* _Dataset excerpt_:
##############################
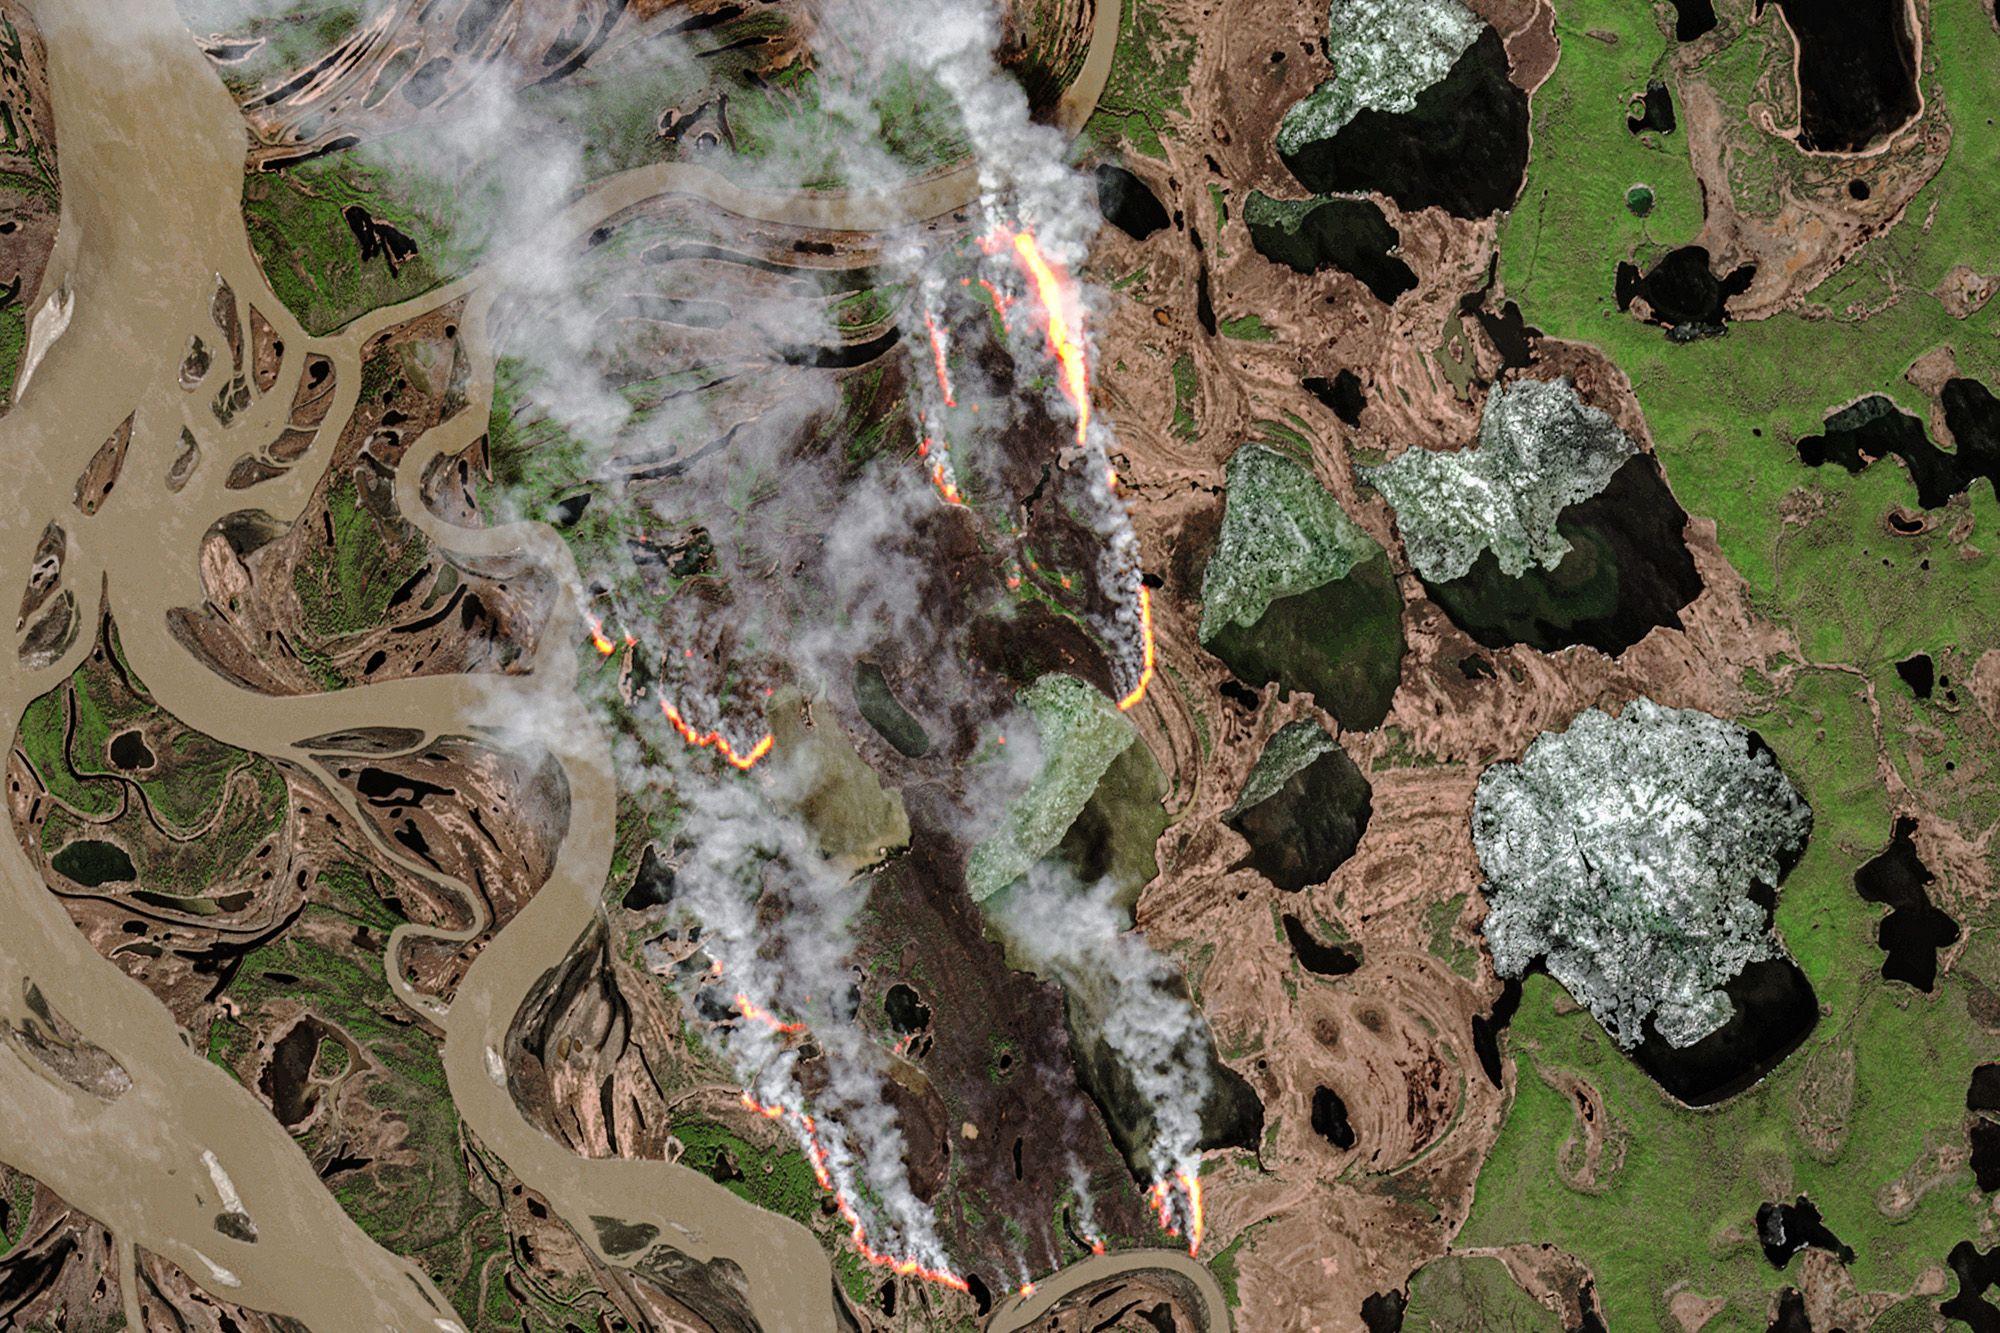 پیوند آتشسوزیهای وحشتناک «زامبی» در شمالگان و تغییر اقلیم: همه چیز قربانی آزمندی بشر
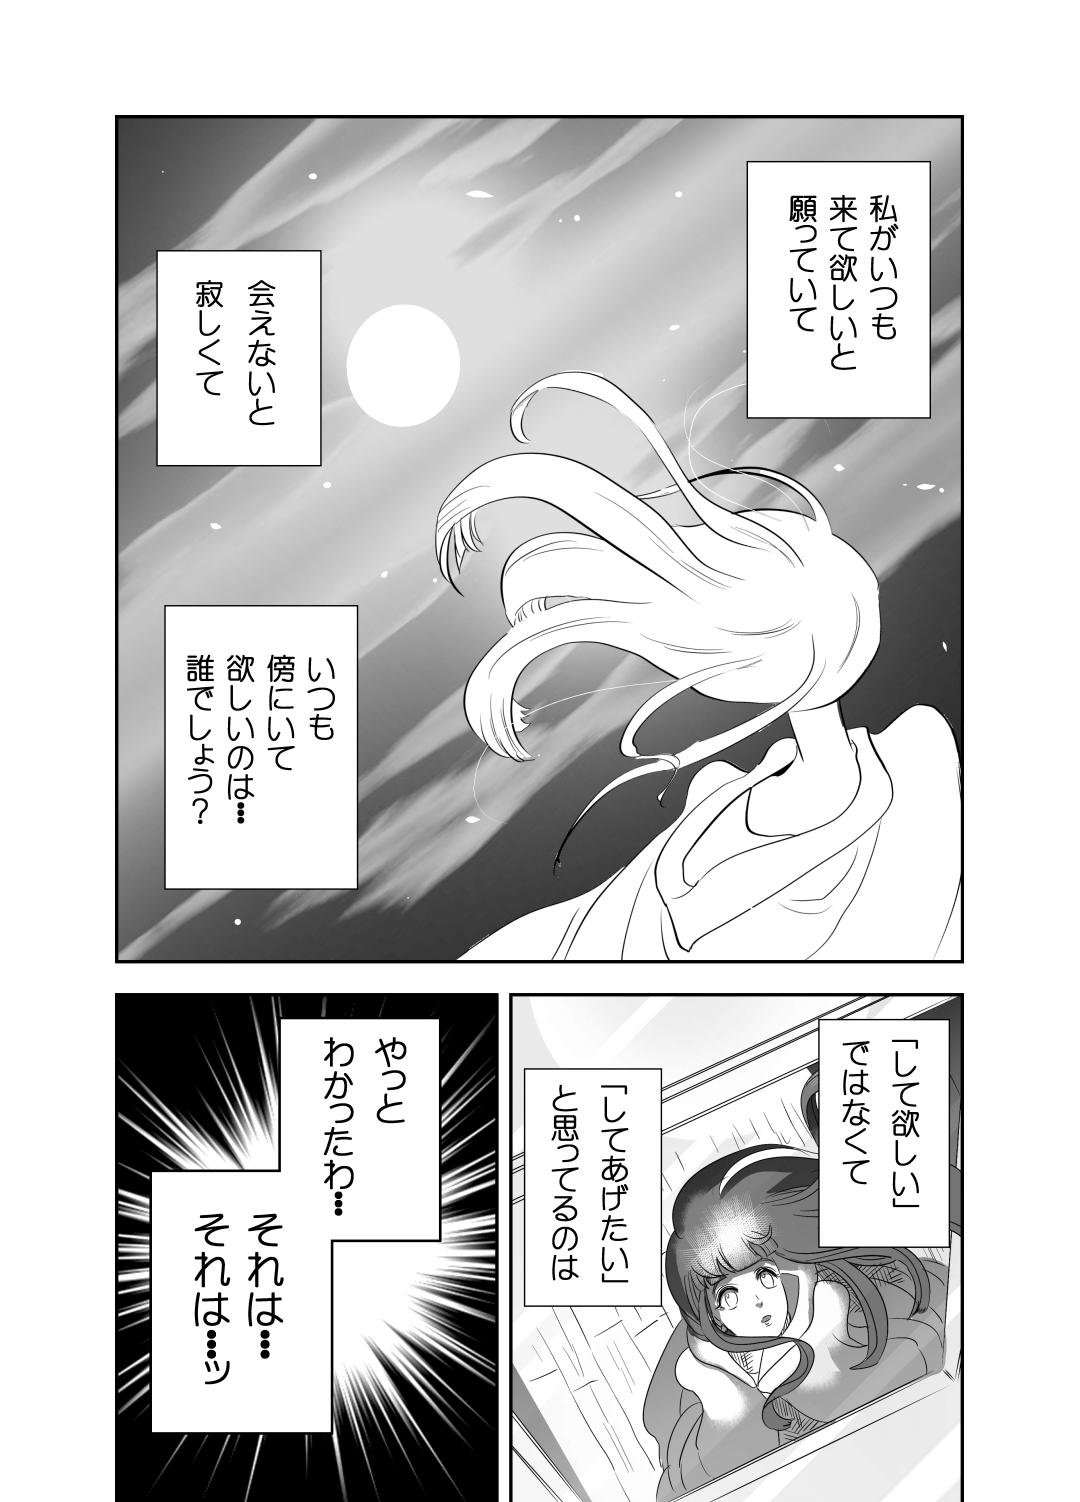 ヤサグレ魔女は人外にモテすぎて夜も眠れない0040-min
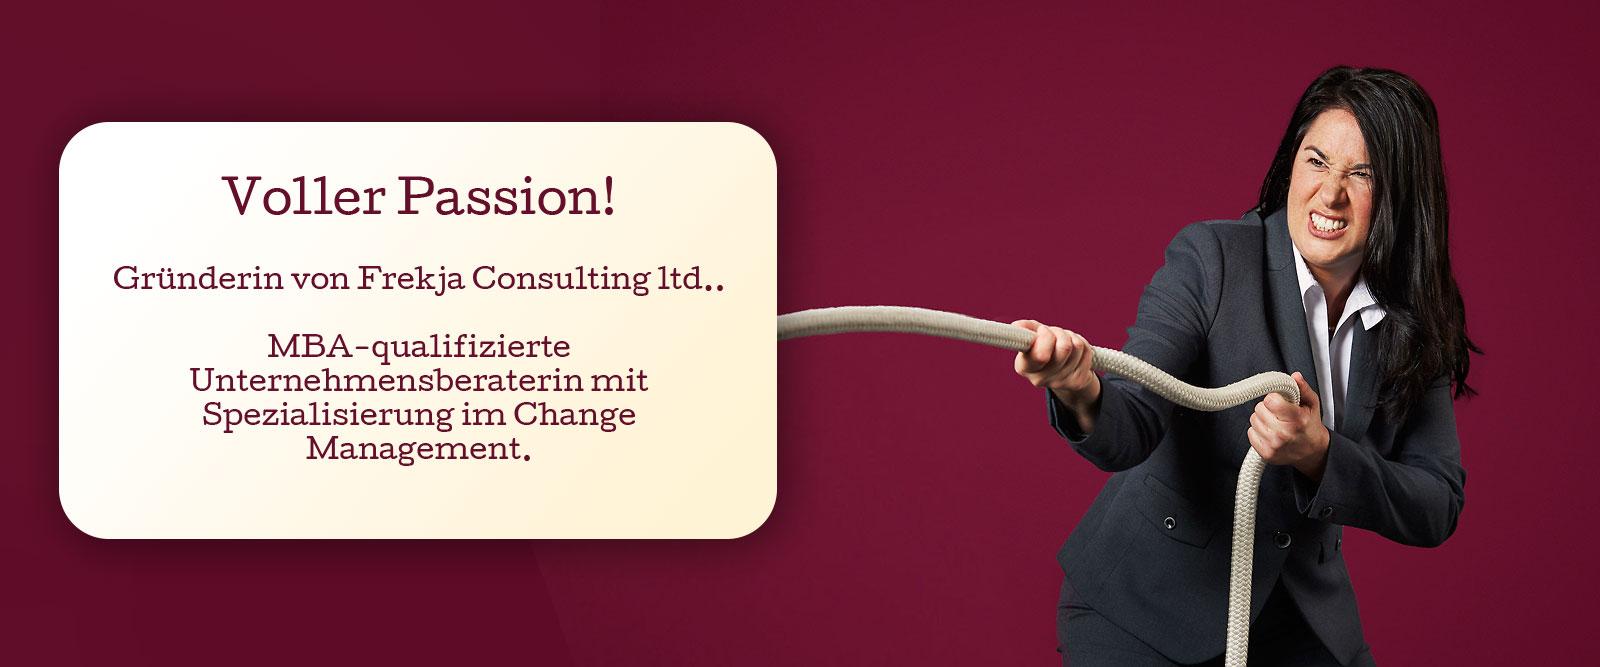 Voller Passion! Gründerin von Frekja Consulting ltd.. MBA-qualifizierte Unternehmensberaterin mit Spezialisierung im Change Management.
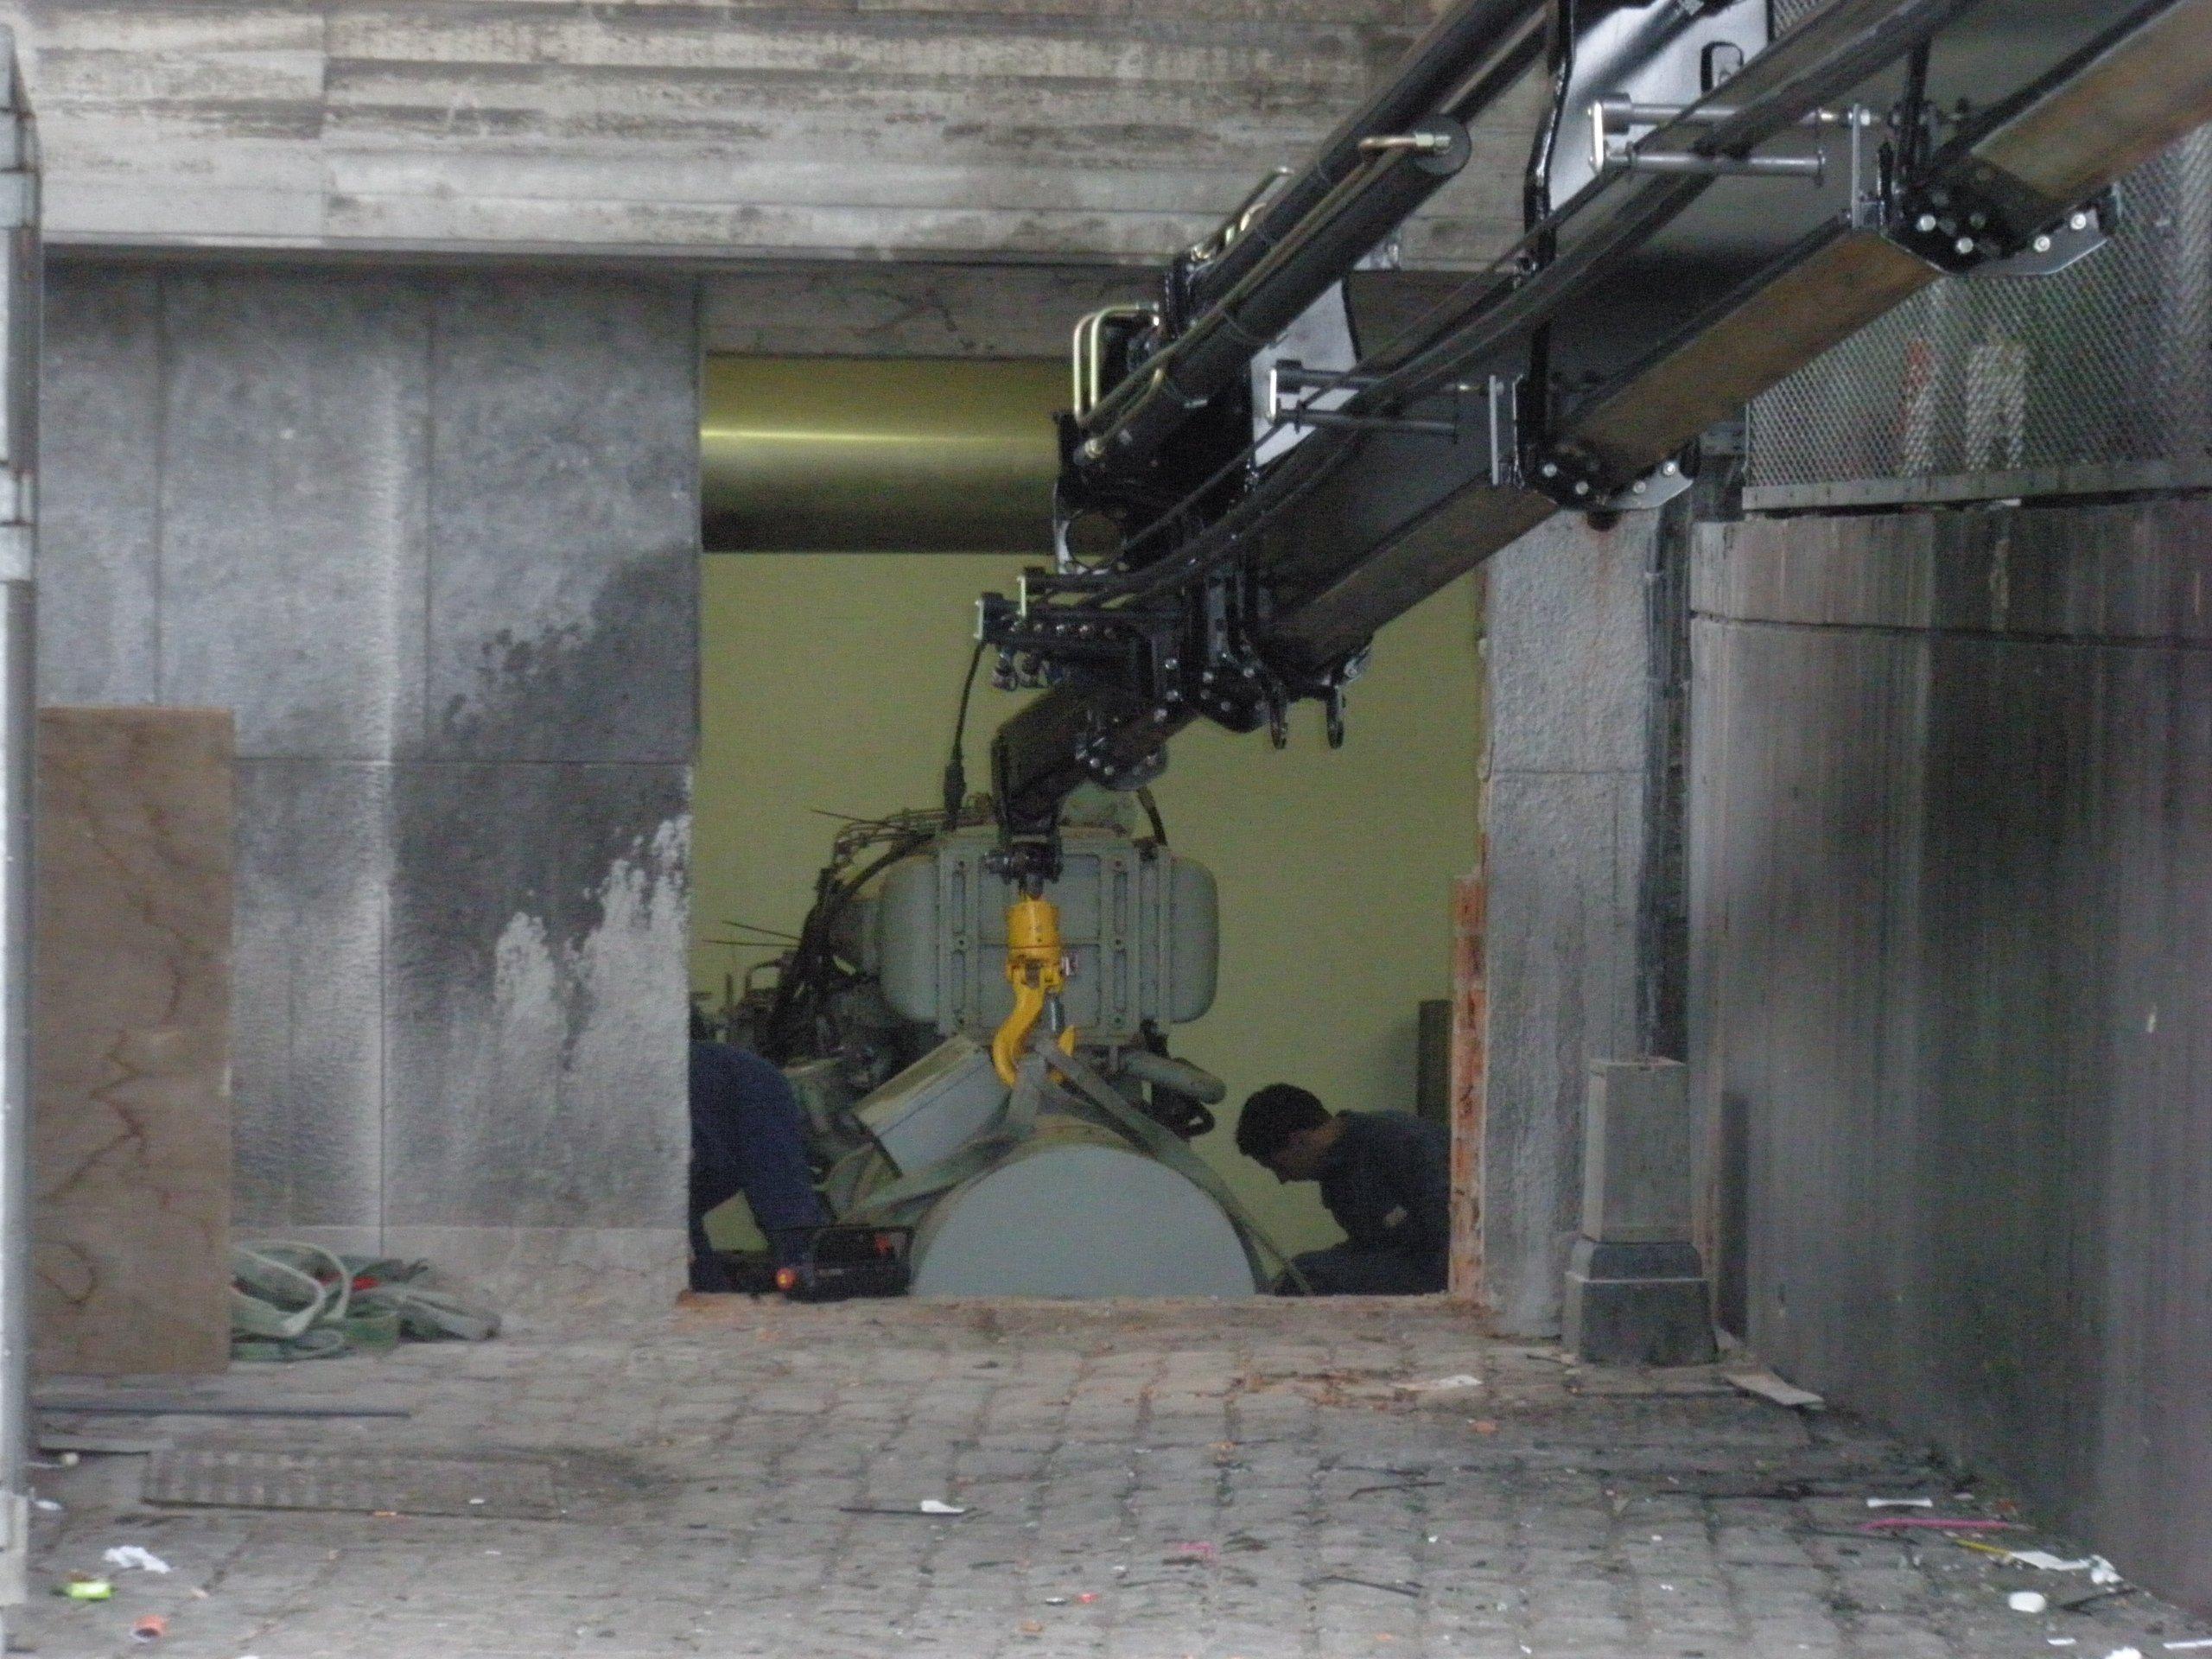 Noodstroominstallatie Stadschouwburg Antwerpen-04.JPG
##############################
* _Goal of the exercise_:
With pictures left out, transcribe each line from the one containing "Voller Passion! Gründerin" through the end of the data, both ends included.

* _Expected answer_:
 Voller Passion! Gründerin von Frekja Consulting ltd.. MBA-qualifizierte Unternehmensberaterin mit Spezialisierung im Change Management.
 Noodstroominstallatie Stadschouwburg Antwerpen-04.JPG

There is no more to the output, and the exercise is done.